Preferably, the emulsifier is used in an amount of 3 to 8 parts by weight based on 100 parts by weight of the cyclic organopolysiloxane a. The emulsifier is not particularly limited, but is preferably an anionic surfactant such as sodium alkyl sulfate of C12-C18, sodium alkyl benzene sulfonate of C12-C18, succinic acid-modified polyoxyethylene alkyl phenol ether or dodecylbenzene sulfonic acid.

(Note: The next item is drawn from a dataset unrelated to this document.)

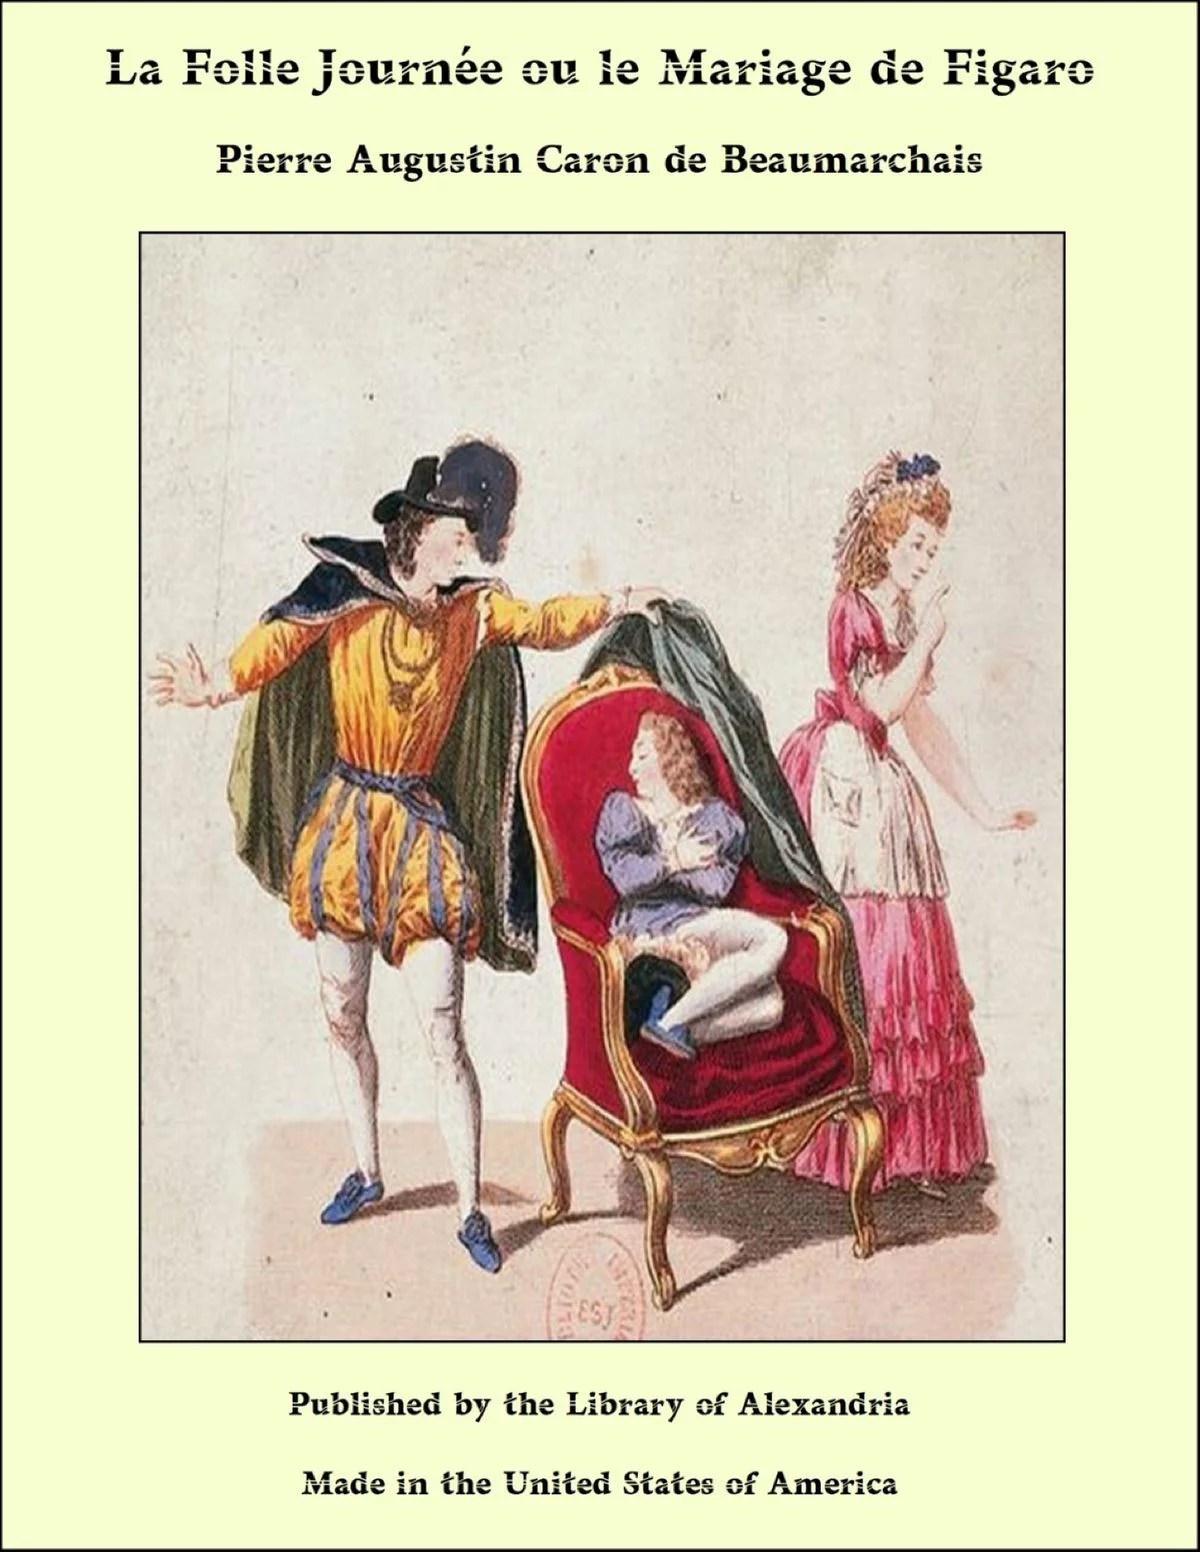 La Folle Journée Ou Le Mariage De Figaro : folle, journée, mariage, figaro, Folle, Journée, Mariage, Figaro, EBook, Walmart.com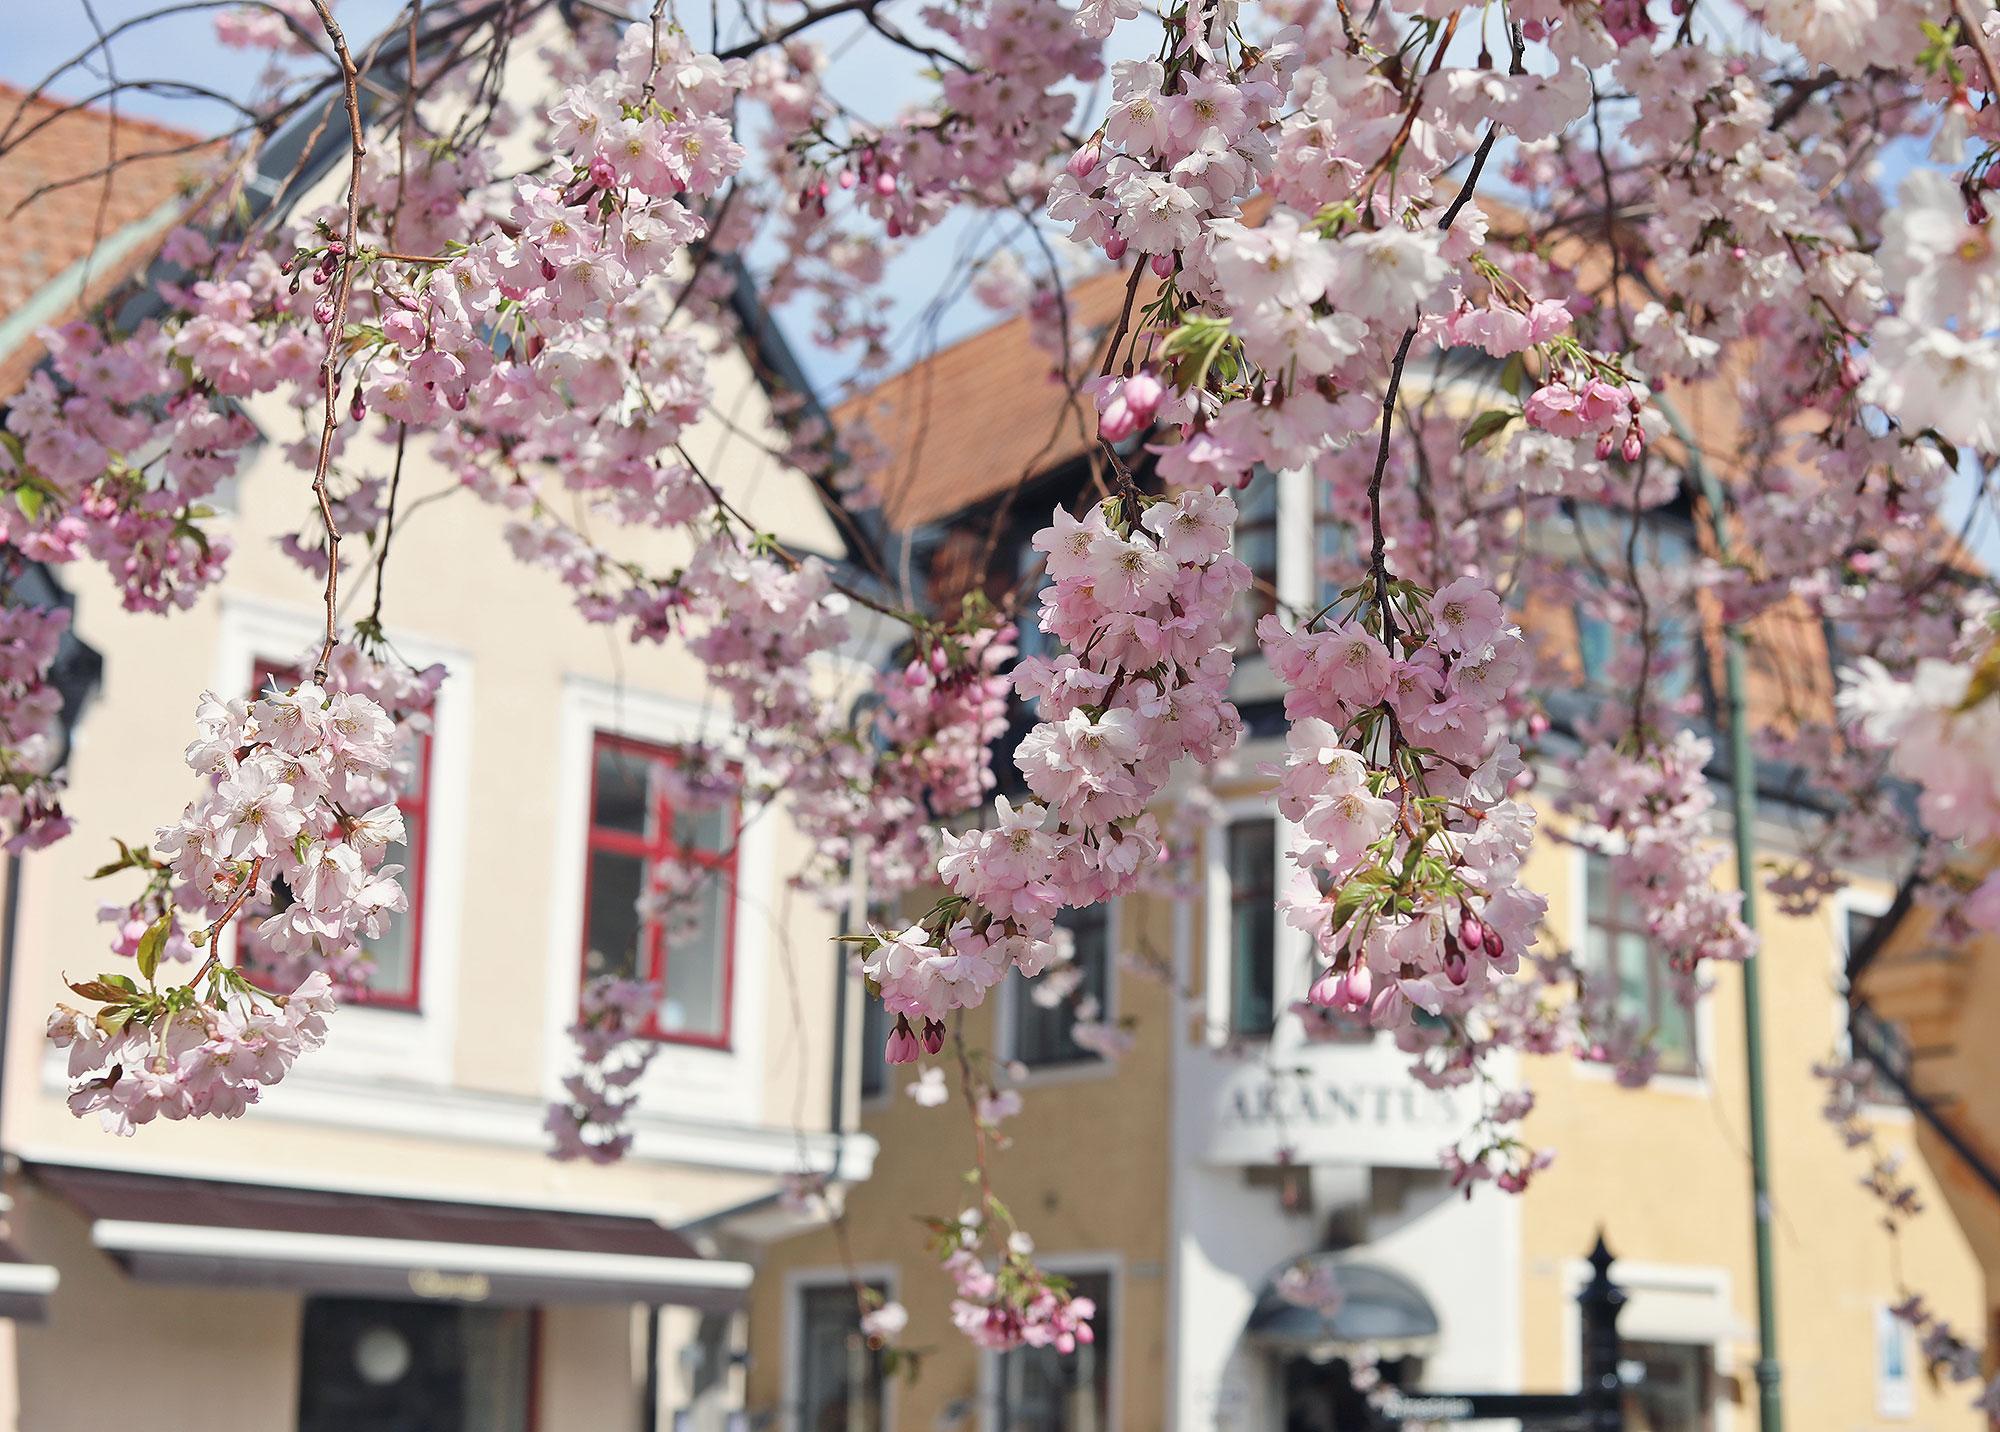 visby gotland körsbärsträd rosa blommor hus april maj vår akantus

Preferably, the amount of the water is 700-5000 parts by weight based on 100 parts by weight of the cyclic organopolysiloxane A.
Preferably, the number average molecular weight of the water-based silicone resin is 3500-10000.
Preferably, the solid content of the water-based organic silicon resin is 15-50%, and the kinematic viscosity at 25 ℃ is 3000-30000mPa & s.
A coating is prepared from the water-based organic silicon resin, and the water-based organic silicon resin is dried and solidified after being coated to obtain the coating.
Preferably, the drying and curing temperature is 40-80 ℃.
Compared with the prior art, the invention has the following beneficial effects:
1. the addition of the modified phosphate can not only improve the flame retardance of the paint film, but also serve as a surfactant, so that the dosage of the small molecular emulsifier is reduced, and the prepared resin paint film has low water absorption and good yellowing resistance;
2. the reaction system of the invention adopts free radical initiation reaction, which can effectively improve the grafting and polymerization rate of the cyclosiloxane, thereby improving the physical and mechanical strength of the material.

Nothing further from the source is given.